New York Attorney General Eric Schneiderman. Photo: Reuters/Brendan McDermid
New York Attorney General Eric Schneiderman. Photo: Reuters/Brendan McDermid

American and Canadian securities regulators have launched dozens of investigations into alleged crypto-currency scams.

A task force known collectively as “Operation Crypto-sweep,” has been convened by the North American Securities Administrators Association (NASAA). It has launched 70 investigations since April, with 35 already completed or pending enforcement actions.

As yet, the NASAA, which is a group of US and Canadian state-level securities regulators who work to protect investors from fraud, has given no indication what these enforcement actions might consist of.

The actions taken to date “are just the tip of the iceberg,” said Joe Borg, NASAA president and director of the Alabama Securities Commission, at a press conference in Washington on Monday.

Regulators from 44 jurisdictions have so far sent 32 sets of cease and desist letters to dozens of entities or individuals associated with the alleged schemes, as well as another 14 sets of “information demand letters”.

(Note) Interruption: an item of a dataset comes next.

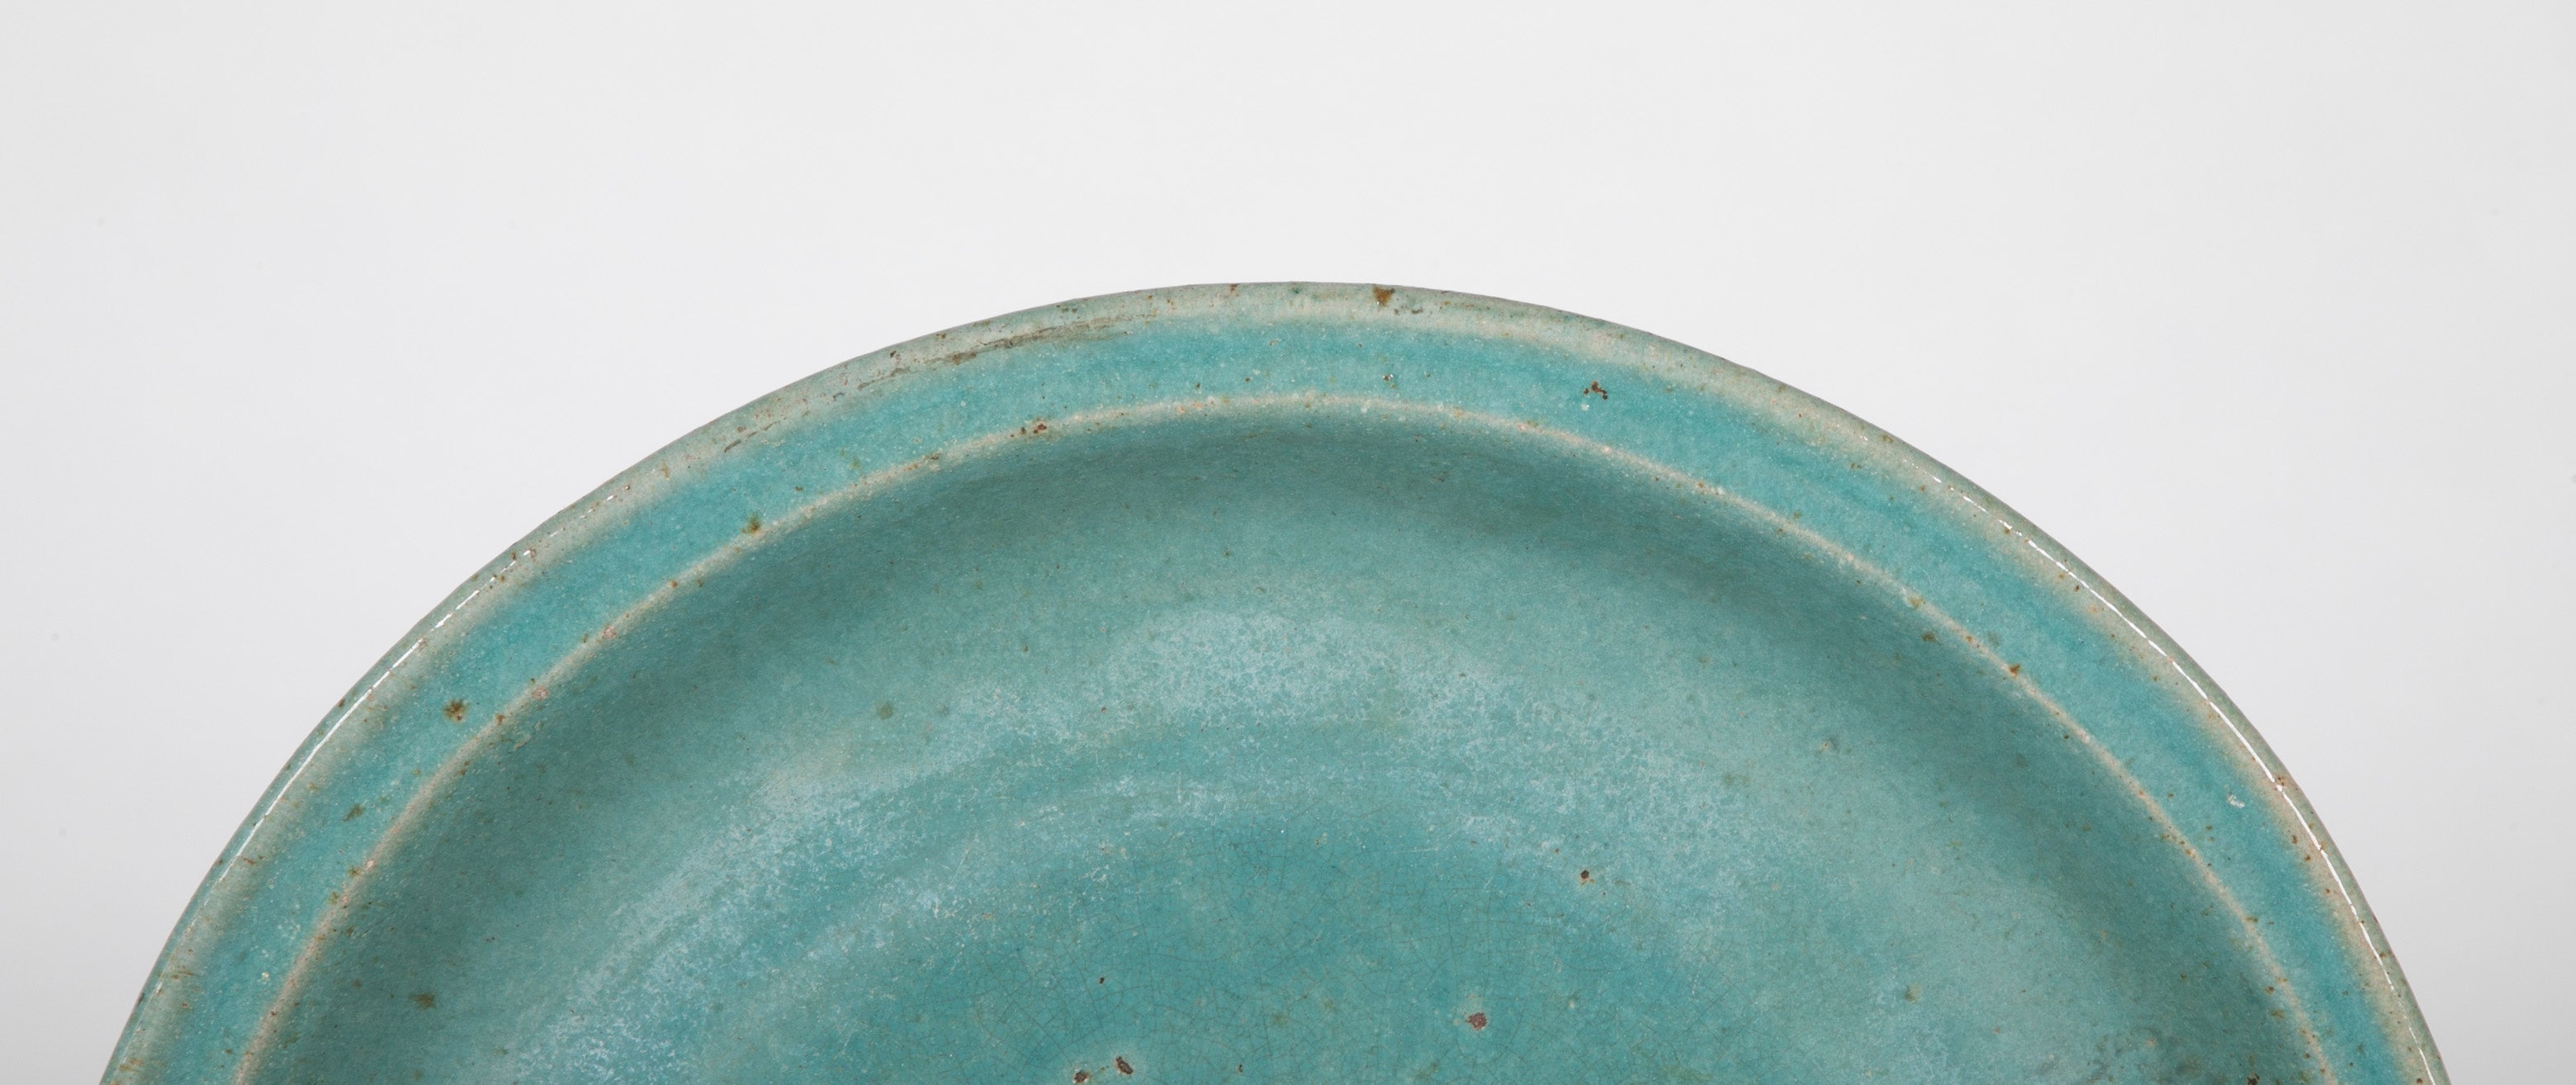 Large Chinese Stoneware Charger with Turquoise Glaze

Some of the cease and desist letters allege fraud while others accuse the recipients of offering “unregistered securities”. The information demand letters, sent to some of the biggest crypto-currency exchanges in the world, were part of actions initiated by New York State Attorney General Eric Schneiderman in April.

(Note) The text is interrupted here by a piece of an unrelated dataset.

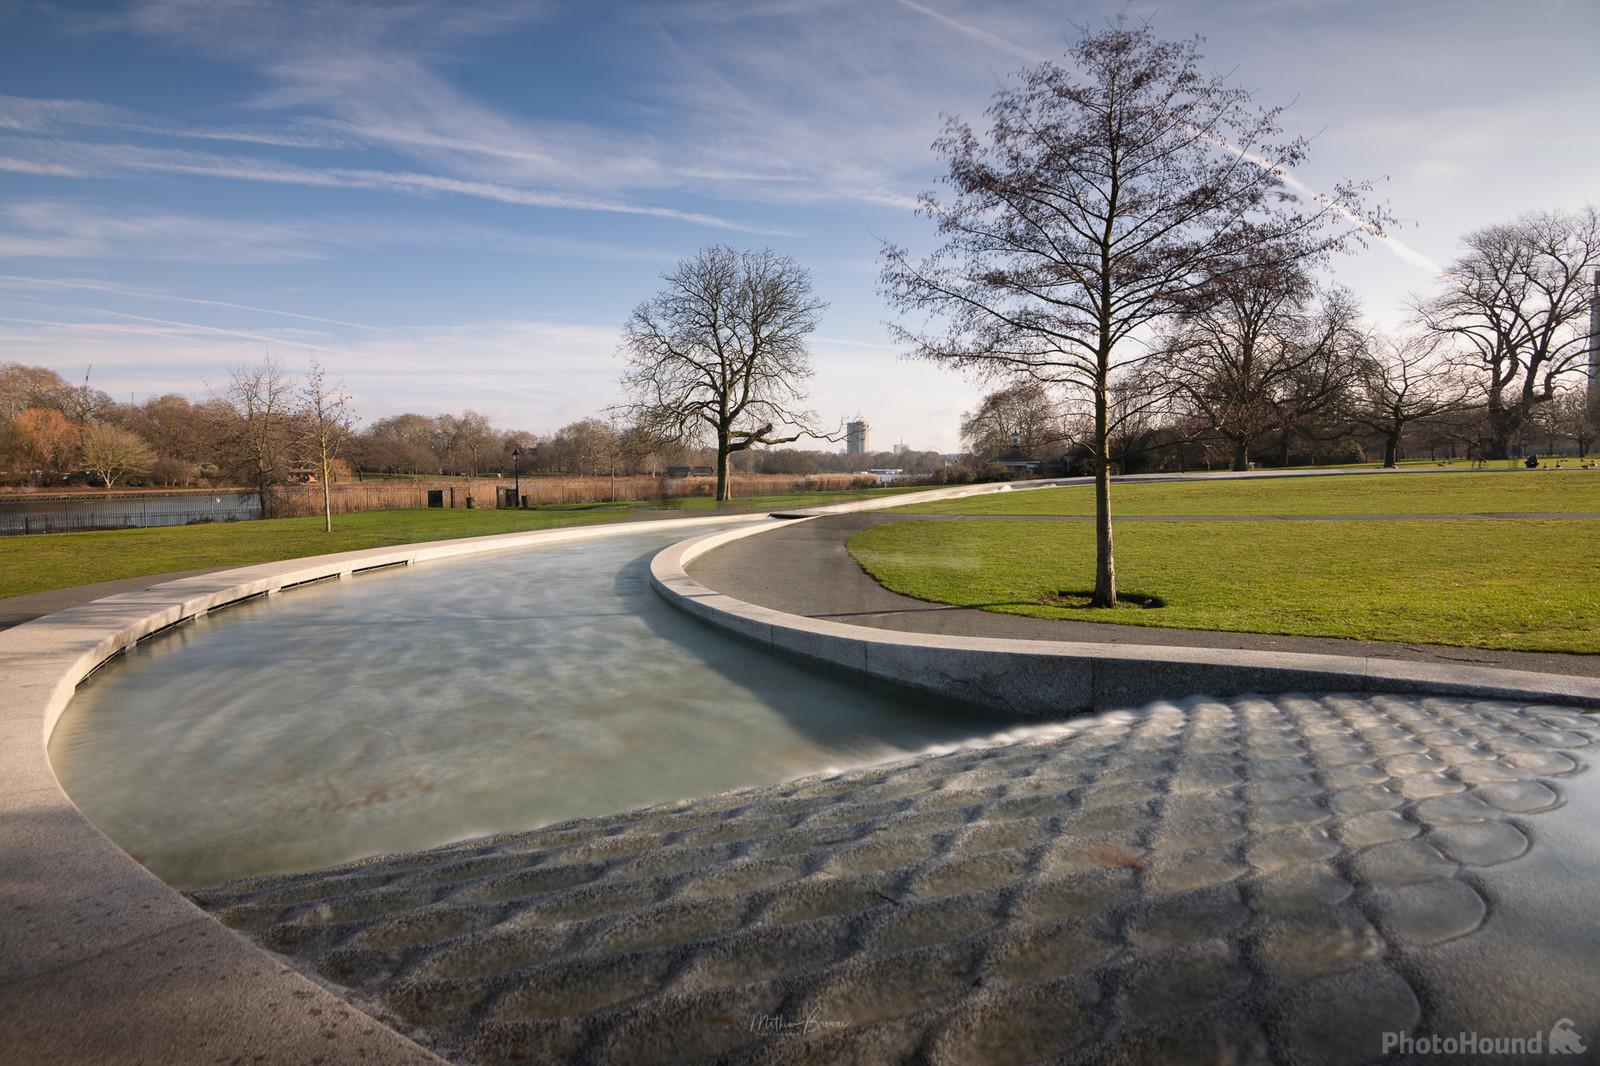 Image of Princess Diana Memorial Fountain by Mathew Browne

The Attorney General then sent questionnaires to 13 major exchanges – including to Binance, that is the world’s biggest and also Coinbase, the biggest by-volume exchange in the US – asking who owns them, how they trade and how they charge.

As reported by Asia Times, the questionnaires asked the exchanges “to disclose information falling within six major topic areas: (1) Ownership and Control, (2) Basic Operation and Fees, (3) Trading Policies and Procedures, (4) Outages and Other Suspensions of Trading, (5) Internal Controls, and (6) Privacy and Money Laundering.”

Operation Crypto-sweep will now see multiple state and provincial regulators coordinating their actions alongside federal agencies, namely the Securities and Exchange Commission and the Commodity Futures Trading Commission.

“The persistent exploitation of the crypto ecosystem by fraudsters is a significant threat to Main Street investors in the United States and Canada,” said Joe Borg, adding that regulators working on Operation Crypto-sweep are now asking the North American public to come forward with information on other potential scams while also urging investors to be vigilant in seeking investments in this sector.

“Not every ICO or cryptocurrency-related investment is fraudulent, but we urge investors to approach any initial coin offering or cryptocurrency-related investment product with extreme caution,” Borg said, noting that the task force had found approximately 30,000 crypto-related domain name registrations, the vast majority of which appeared in 2017 and 2018.

Borg added that Operation Crypto-sweep has been modeled on the NASAA-led state and provincial fight against web stock fraud that spiked during the dot.com bubble in the late 1990s.